**WHAT TO WORK ON**
Where an image appears, leave it out; otherwise repeat the data exactly.

**DATA SEGMENT**
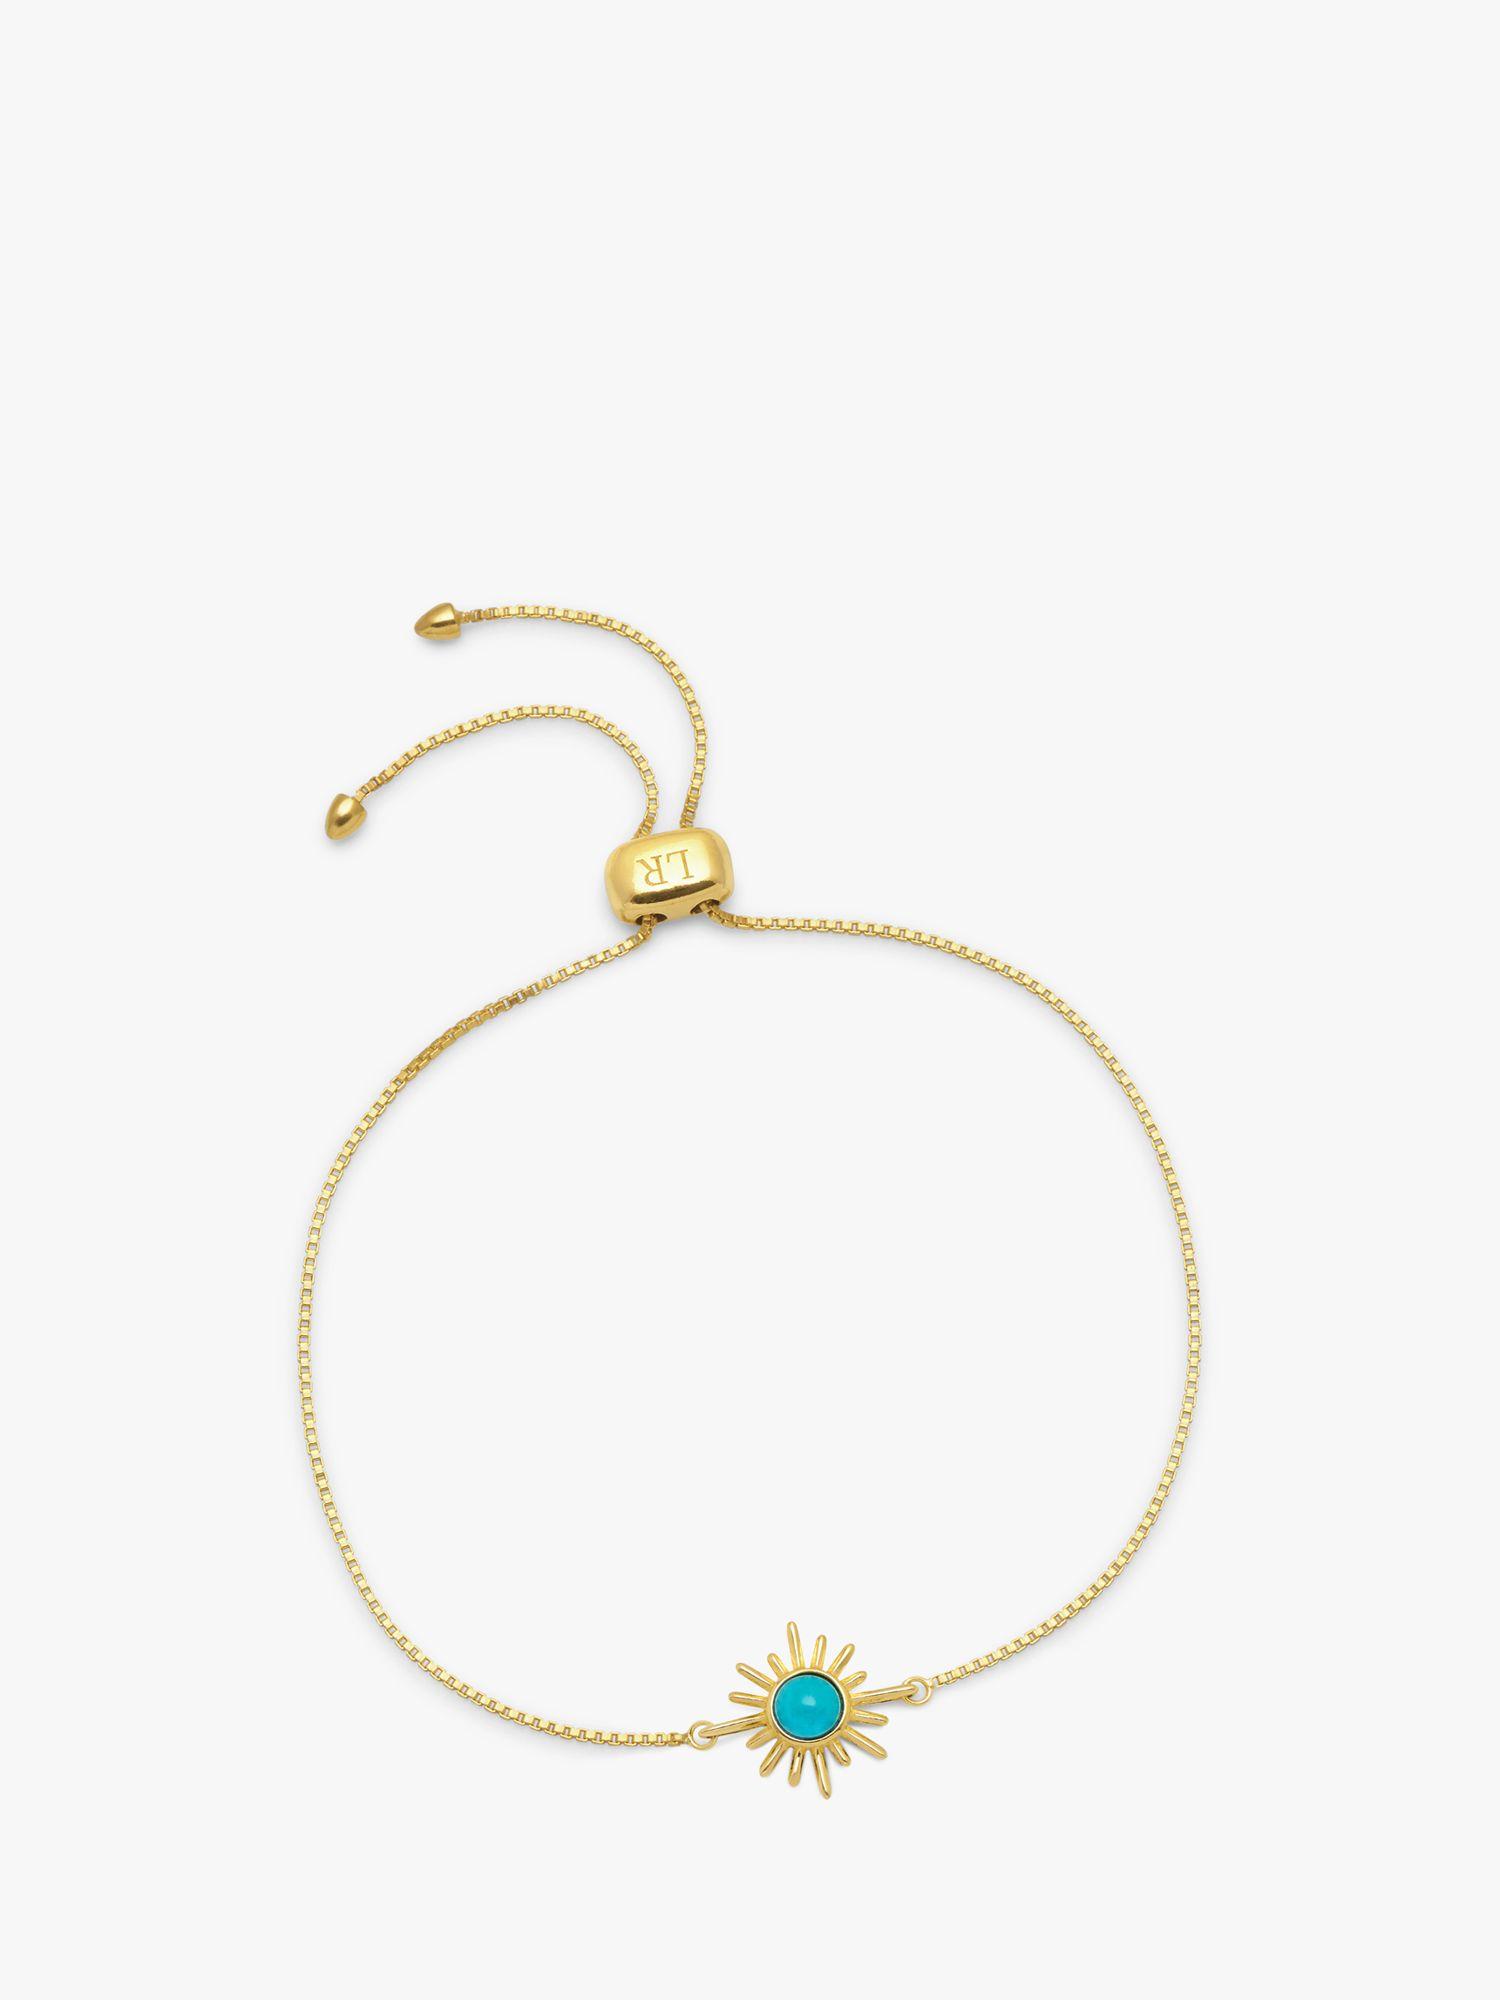 Lola Rose Lola Rose Curio Celestial Sunburst Slider Chain Bracelet, Faux Turquoise
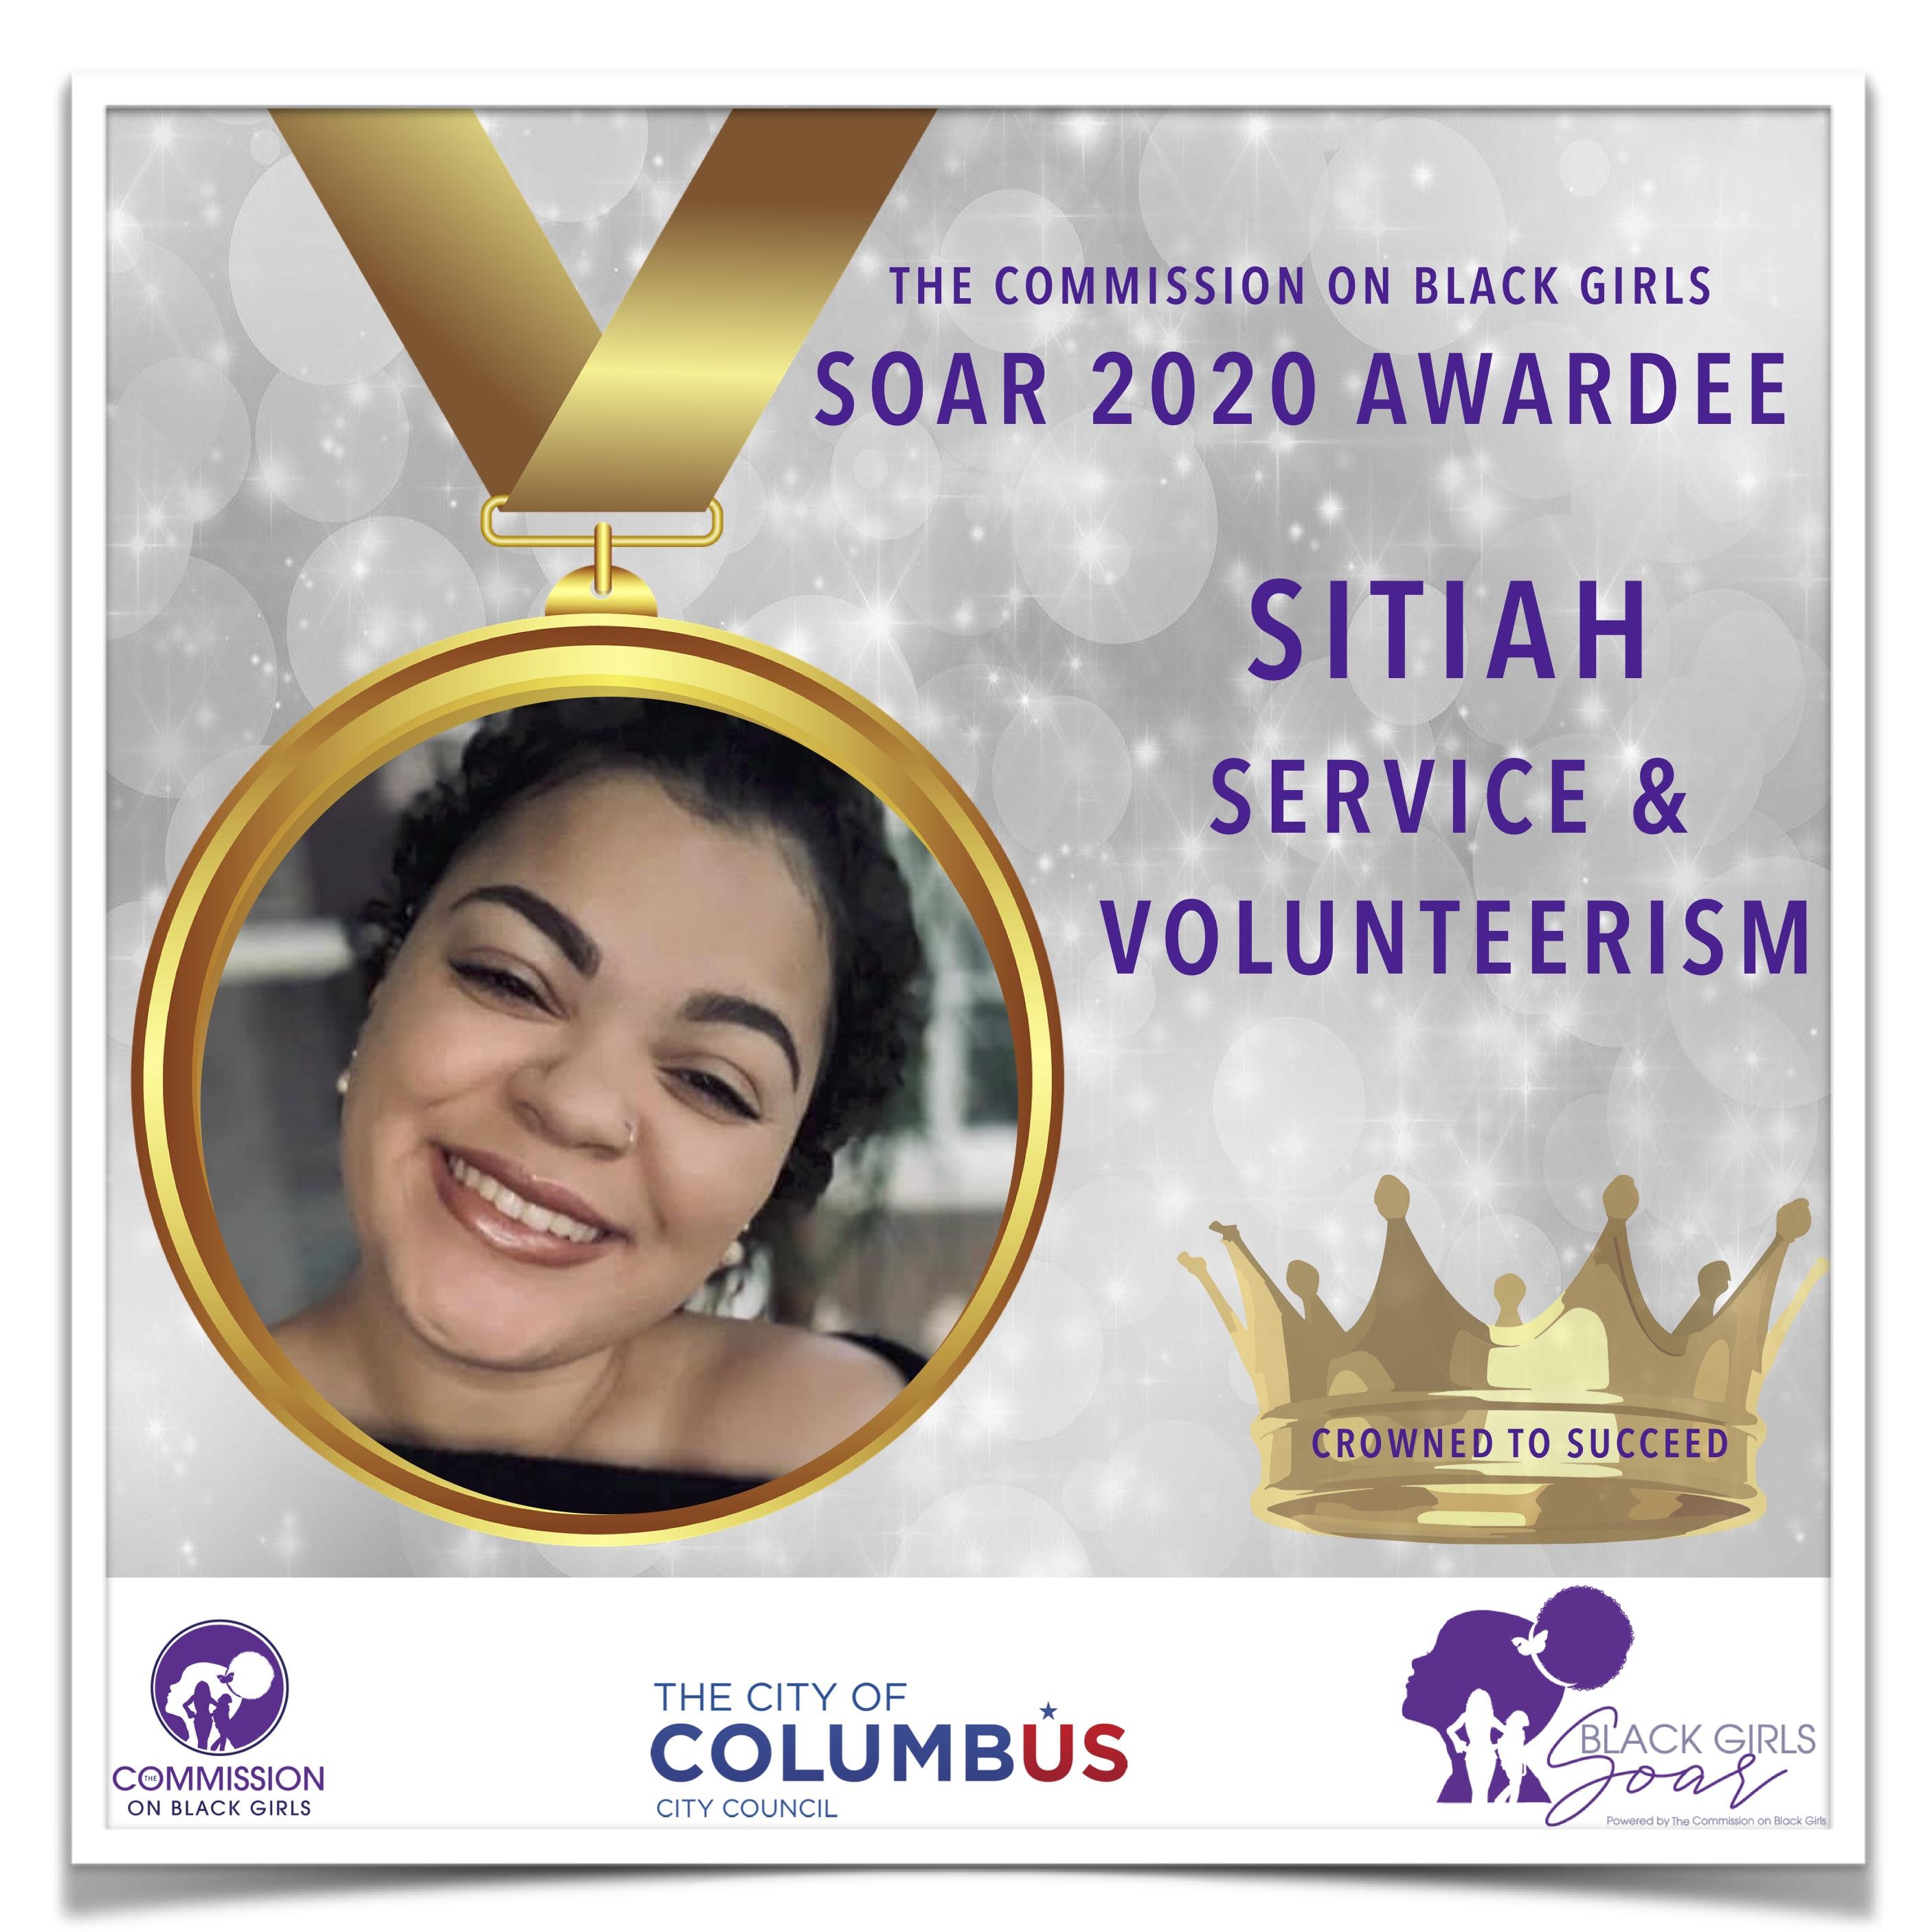 20 SOAR 2020 Sitiah Service and Voluntee
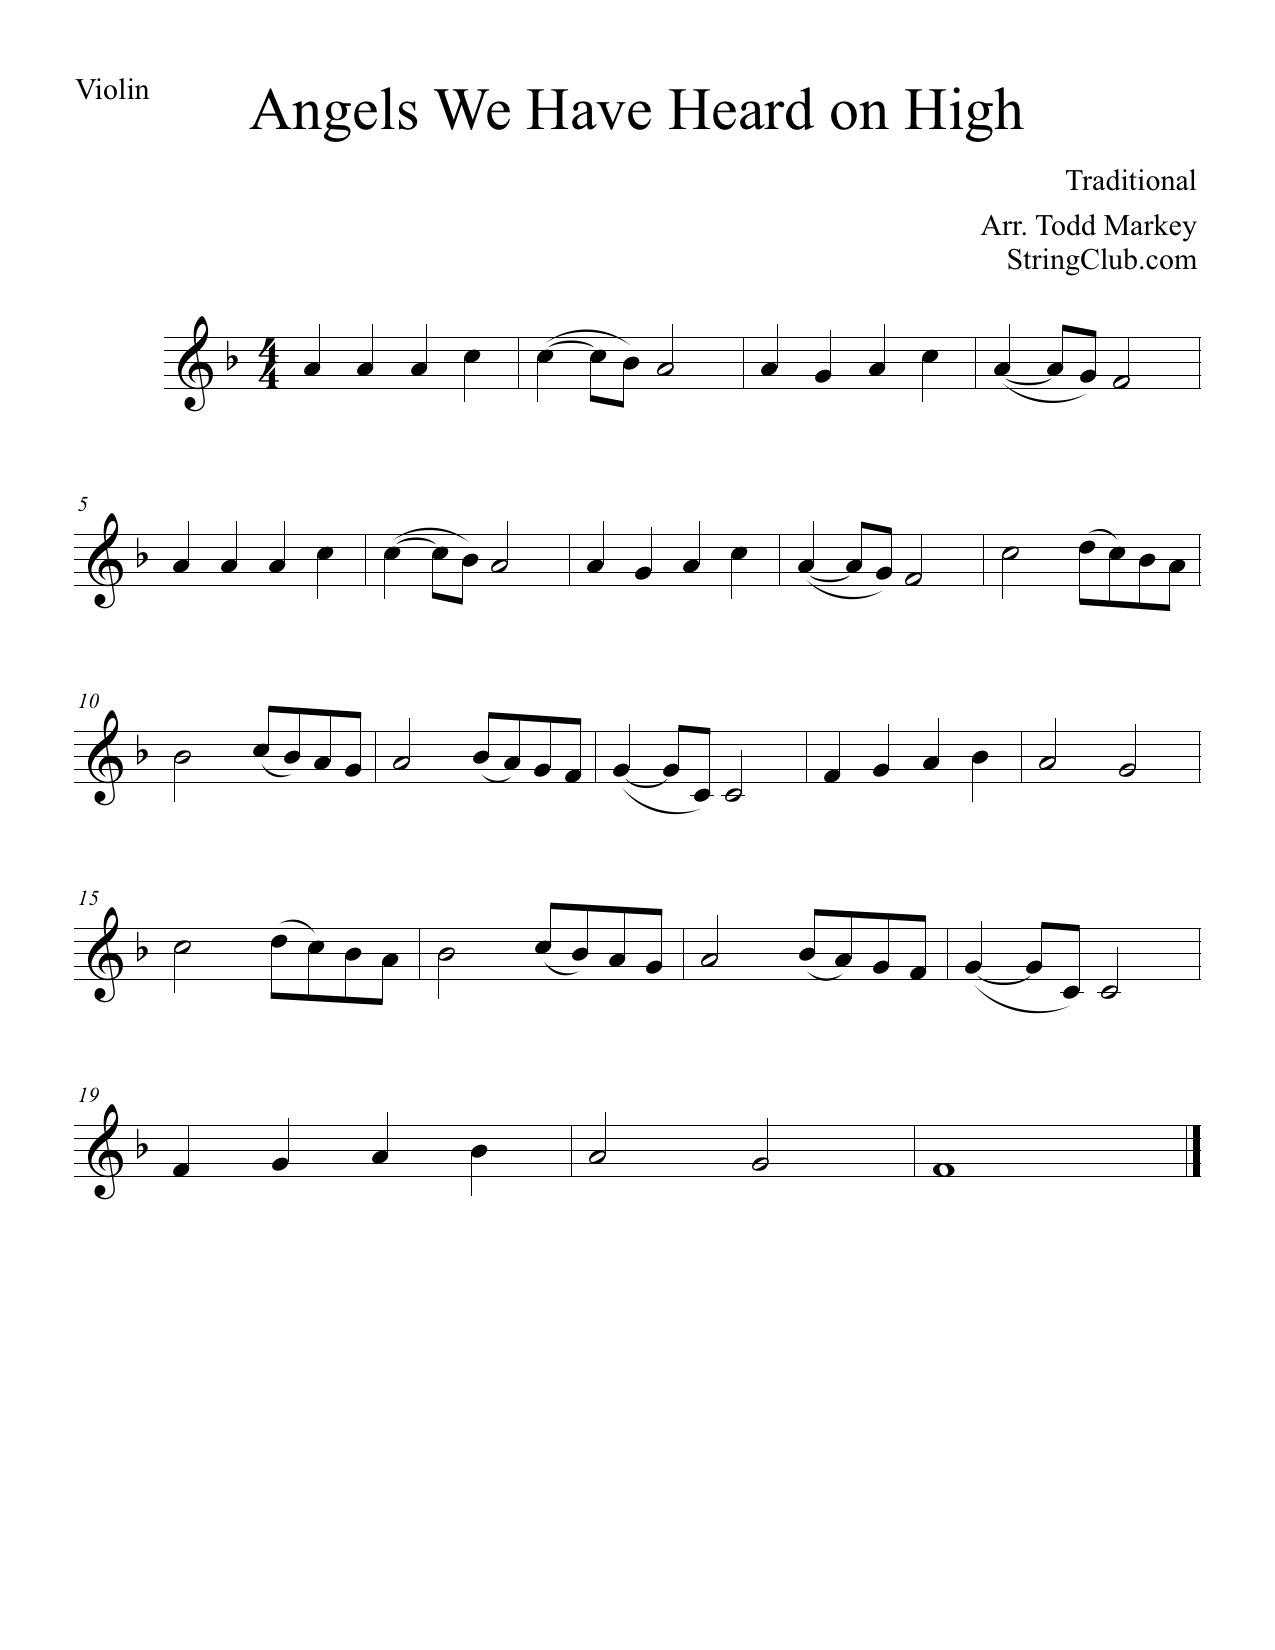 angels we have heard on high lyrics pdf

**WRITTEN ANSWER**
 Lola Rose Lola Rose Curio Celestial Sunburst Slider Chain Bracelet, Faux Turquoise
 20 SOAR 2020 Sitiah Service and Voluntee
 angels we have heard on high lyrics pdf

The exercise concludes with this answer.